Collection entries
- Opening Delimiter -
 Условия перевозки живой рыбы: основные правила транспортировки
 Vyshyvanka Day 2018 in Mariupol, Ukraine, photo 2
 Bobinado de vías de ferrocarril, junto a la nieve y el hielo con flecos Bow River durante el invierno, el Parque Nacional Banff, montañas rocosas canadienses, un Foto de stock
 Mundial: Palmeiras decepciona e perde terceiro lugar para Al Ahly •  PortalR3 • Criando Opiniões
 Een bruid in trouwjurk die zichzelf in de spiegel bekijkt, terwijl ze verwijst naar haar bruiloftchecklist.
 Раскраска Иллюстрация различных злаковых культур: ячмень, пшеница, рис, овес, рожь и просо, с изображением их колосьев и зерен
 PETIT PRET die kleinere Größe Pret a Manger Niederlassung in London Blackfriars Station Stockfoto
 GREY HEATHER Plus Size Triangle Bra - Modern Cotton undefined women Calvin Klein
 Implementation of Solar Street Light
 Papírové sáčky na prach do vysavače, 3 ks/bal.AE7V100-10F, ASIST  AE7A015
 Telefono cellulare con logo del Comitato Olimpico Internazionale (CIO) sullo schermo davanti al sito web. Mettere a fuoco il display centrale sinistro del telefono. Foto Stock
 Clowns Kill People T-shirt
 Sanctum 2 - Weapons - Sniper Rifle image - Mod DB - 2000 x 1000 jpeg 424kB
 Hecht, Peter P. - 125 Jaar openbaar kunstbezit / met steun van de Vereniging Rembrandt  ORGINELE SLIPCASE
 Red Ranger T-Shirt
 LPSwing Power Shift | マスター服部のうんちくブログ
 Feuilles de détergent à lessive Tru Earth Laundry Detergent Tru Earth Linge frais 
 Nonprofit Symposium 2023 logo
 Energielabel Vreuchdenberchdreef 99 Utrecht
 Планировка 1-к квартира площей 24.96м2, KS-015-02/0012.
- Closing Delimiter -
Exercise aim
Each line above must be retyped exactly in the response.

Solved problem
 Условия перевозки живой рыбы: основные правила транспортировки
 Vyshyvanka Day 2018 in Mariupol, Ukraine, photo 2
 Bobinado de vías de ferrocarril, junto a la nieve y el hielo con flecos Bow River durante el invierno, el Parque Nacional Banff, montañas rocosas canadienses, un Foto de stock
 Mundial: Palmeiras decepciona e perde terceiro lugar para Al Ahly •  PortalR3 • Criando Opiniões
 Een bruid in trouwjurk die zichzelf in de spiegel bekijkt, terwijl ze verwijst naar haar bruiloftchecklist.
 Раскраска Иллюстрация различных злаковых культур: ячмень, пшеница, рис, овес, рожь и просо, с изображением их колосьев и зерен
 PETIT PRET die kleinere Größe Pret a Manger Niederlassung in London Blackfriars Station Stockfoto
 GREY HEATHER Plus Size Triangle Bra - Modern Cotton undefined women Calvin Klein
 Implementation of Solar Street Light
 Papírové sáčky na prach do vysavače, 3 ks/bal.AE7V100-10F, ASIST  AE7A015
 Telefono cellulare con logo del Comitato Olimpico Internazionale (CIO) sullo schermo davanti al sito web. Mettere a fuoco il display centrale sinistro del telefono. Foto Stock
 Clowns Kill People T-shirt
 Sanctum 2 - Weapons - Sniper Rifle image - Mod DB - 2000 x 1000 jpeg 424kB
 Hecht, Peter P. - 125 Jaar openbaar kunstbezit / met steun van de Vereniging Rembrandt  ORGINELE SLIPCASE
 Red Ranger T-Shirt
 LPSwing Power Shift | マスター服部のうんちくブログ
 Feuilles de détergent à lessive Tru Earth Laundry Detergent Tru Earth Linge frais 
 Nonprofit Symposium 2023 logo
 Energielabel Vreuchdenberchdreef 99 Utrecht
 Планировка 1-к квартира площей 24.96м2, KS-015-02/0012.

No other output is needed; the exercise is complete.